# WHAT THE TASK REQUIRES:
Leave the pictures behind and reproduce every line of the listing exactly.

# STORED DATA:
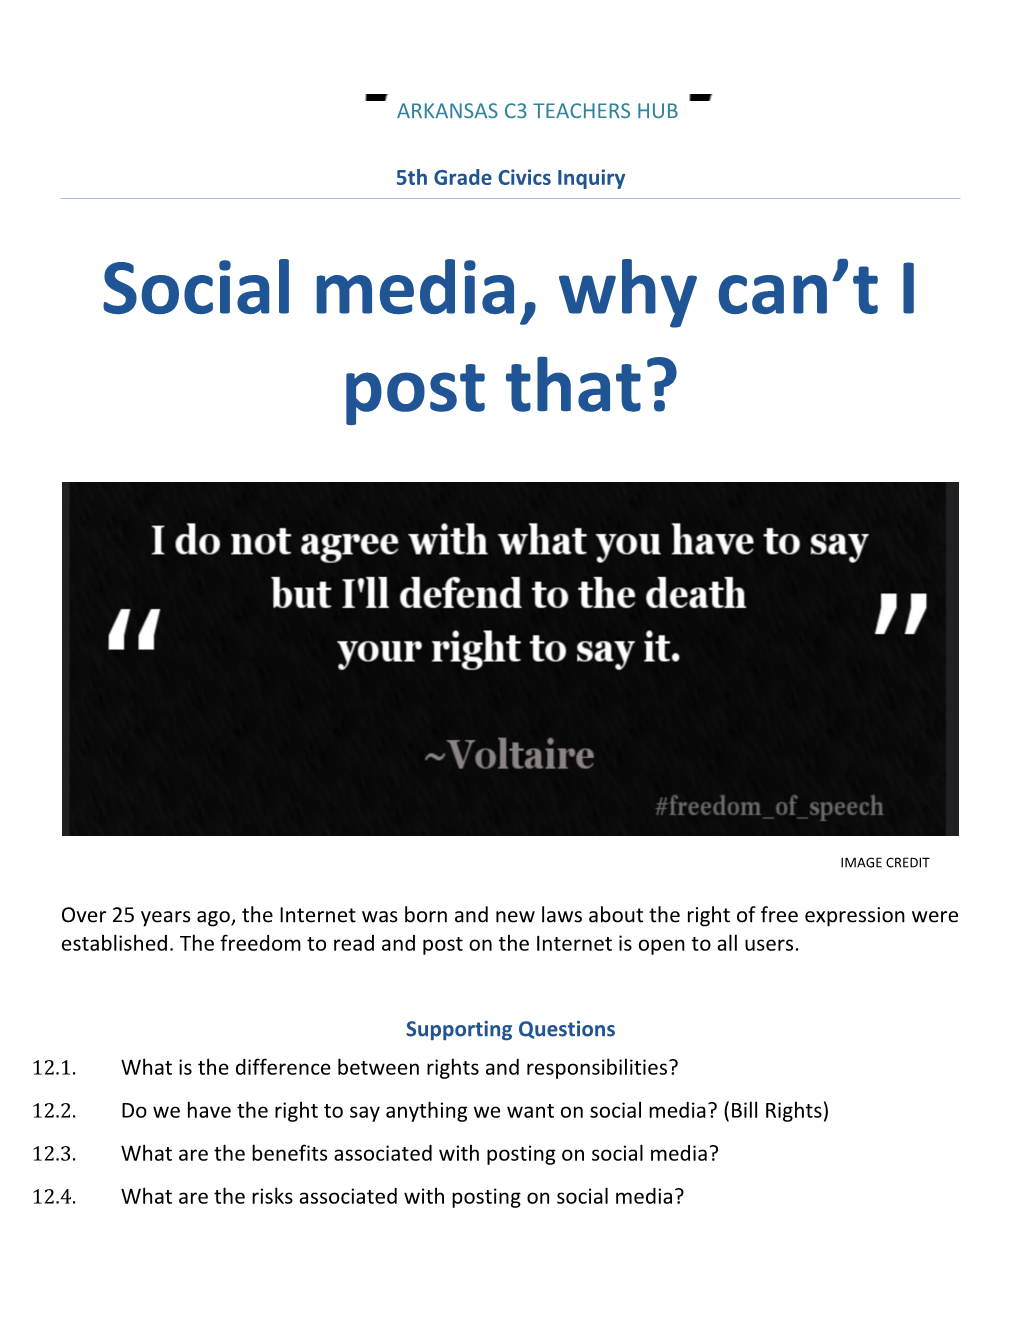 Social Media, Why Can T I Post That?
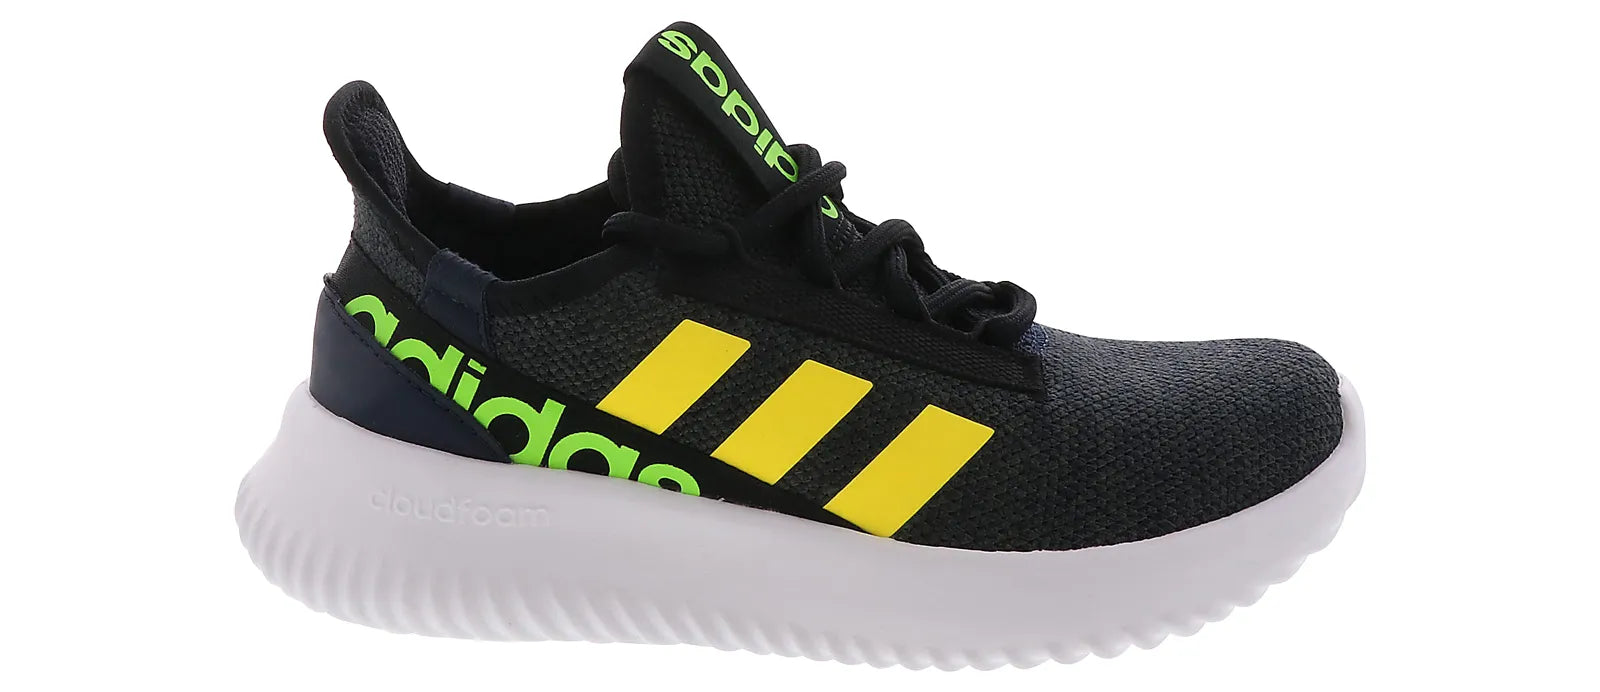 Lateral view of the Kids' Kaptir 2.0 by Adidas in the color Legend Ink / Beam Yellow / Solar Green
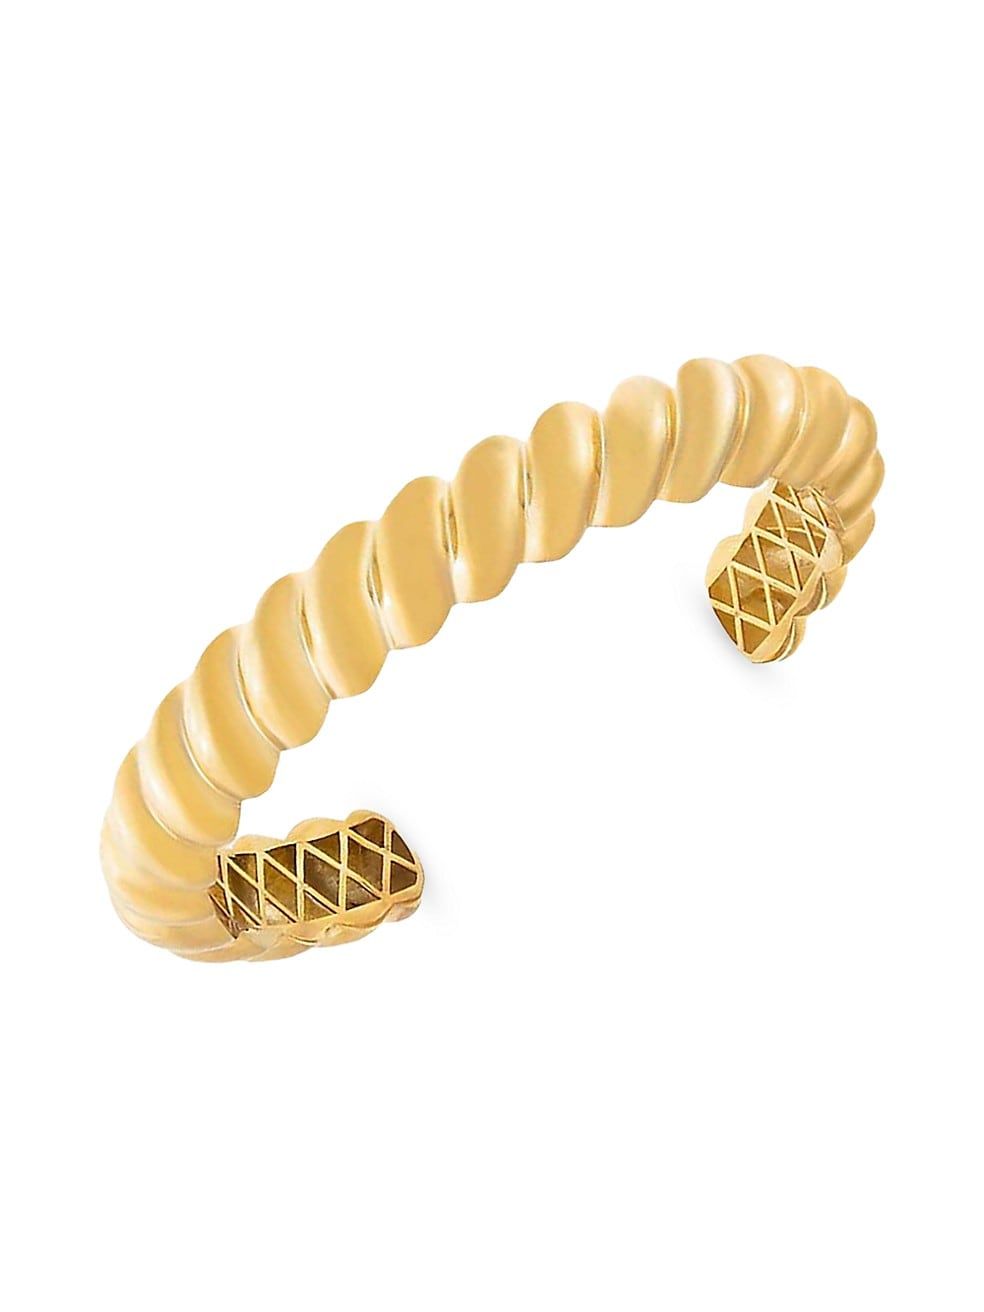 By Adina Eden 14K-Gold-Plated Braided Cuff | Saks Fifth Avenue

# ANSWER TO THIS EXERCISE:
 Social Media, Why Can T I Post That?
 Lateral view of the Kids' Kaptir 2.0 by Adidas in the color Legend Ink / Beam Yellow / Solar Green
 By Adina Eden 14K-Gold-Plated Braided Cuff | Saks Fifth Avenue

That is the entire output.